Кудрин не намеревался проводить в Бигре собрание, но люди собрались, им хотелось поговорить с новым председателем. "Привыкли митинговать!" – невесело подумалось Харитону.
Первым выступил секретарь бригадной парторганизации – невзрачный, с белесыми бровями человек. Говорил он скучно, по-газетному, и едва кончил, как тут же попросил слова пожилой колхозник с кирпично-красным, обветренным лицом. "Кто такой?" – шепотом спросил Кудрин у секретаря. "Самсонов Григорий. Дочка у него в Акагурте – учительница".
Самсонова слушали с вниманием, не прерывали, а когда в сенях зашумели ребятишки, на них сердито цыкнули: "Тише, вы! А ну, марш отсюда, шпаненки!"
– Говоря по сучеству, – начал он, – я согласен с товарищем секретарем партийной организации: излишки личного скота вредят колхозному делу. Правильные слова, колхозу надо подсоблять, без колхоза мы не можем… Однако, товарищи, нельзя забывать человека, живого человека, трудящегося! Наша Советская власть что говорит? Советская власть прямо говорит: самое ценное для нас – это человек. Значит, товарищи, всячески надо подымать нашего советского человека, чтобы ему с каждым годом жилось легче, чтоб получал он по своей потребности и не знал ни в чем нужды и недостатка. Правильно я говорю, товарищ Кудрин?

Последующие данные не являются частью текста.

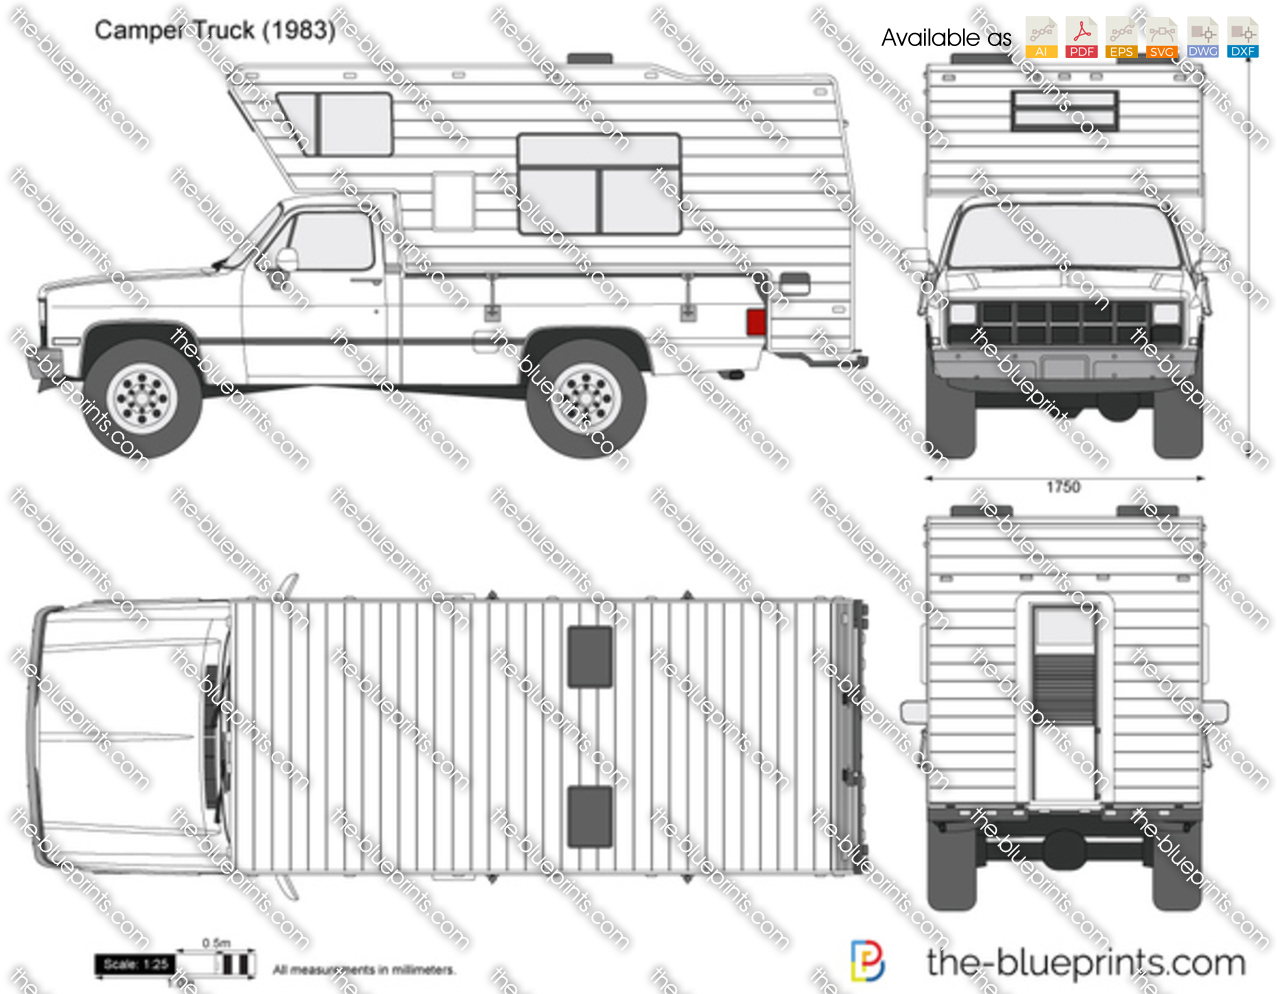 Camper Truck

– Ну, положим, так. Продолжай, Самсонов…
Вслушиваясь в гладкую речь Самсонова, Харитон с растущим беспокойством думал: "Вот он и есть, говоря "по сучеству", один из тех, с кем мне придется схватиться. Чисто брешет, дьявол! Вишь ты, куда загнул: человек, говорит, дороже всего. Верно, не подкопаешься! Только чересчур однобоко берет, насчет потребностей сказал, а о труде ни полслова. Ну, ну, послушаем…" Секретарь парторганизации тронул его за рукав, указал глазами на Самсонова: "У человека всего четыре класса, а здорово получается, верно? Самородок, культурный мужик…" Кудрин рассеянно кивнул: "Да, да, интересный тип…" Тем временем Самсонов продолжал:
– …Вот я и говорю: пора людям дать передышку, чтоб пожили они в свою охотку, то есть по своей возможности. Спрашивается, за что мы проливали свою кровь, насмерть воевали против немецкого фашизма? За хорошую жизнь народ воевал, так я понимаю?
Из дальних углов послышались возбужденные выкрики:
– Правильно, чего там!
– Немца свалили, пора самим пожить!
– В точку попал, Григорий Евсеич! Валяй дальше…
Чувствуя, что зал на его стороне, Самсонов развивал свое наступление:
– Теперь рассмотрим с другой точки. Вот, к примеру, кое-кто в правлении тычет мне в глаза тем фактором, что у меня якобы чересчур много скотины. Хм, интересно получается, товарищи! Как я понимаю, личная собственность колхозника покуда не запрещена законом, так? Так! Имею я, скажем, одну корову и восемь овцематок, и кому, спрашивается, до этого дело? Скотинка-то у меня не ворованная! И дело хозяйское, как я буду пользоваться своей животиной: хочу – продам, а не захочу – сам скушаю, с кашей или просто так!.. Ежели я в состоянии прокормить за зиму десять овечек – я и держу десять, а другой опять же смотрит по своим возможностям. Тут единой мерки быть не может, каждый живет на свой аршин…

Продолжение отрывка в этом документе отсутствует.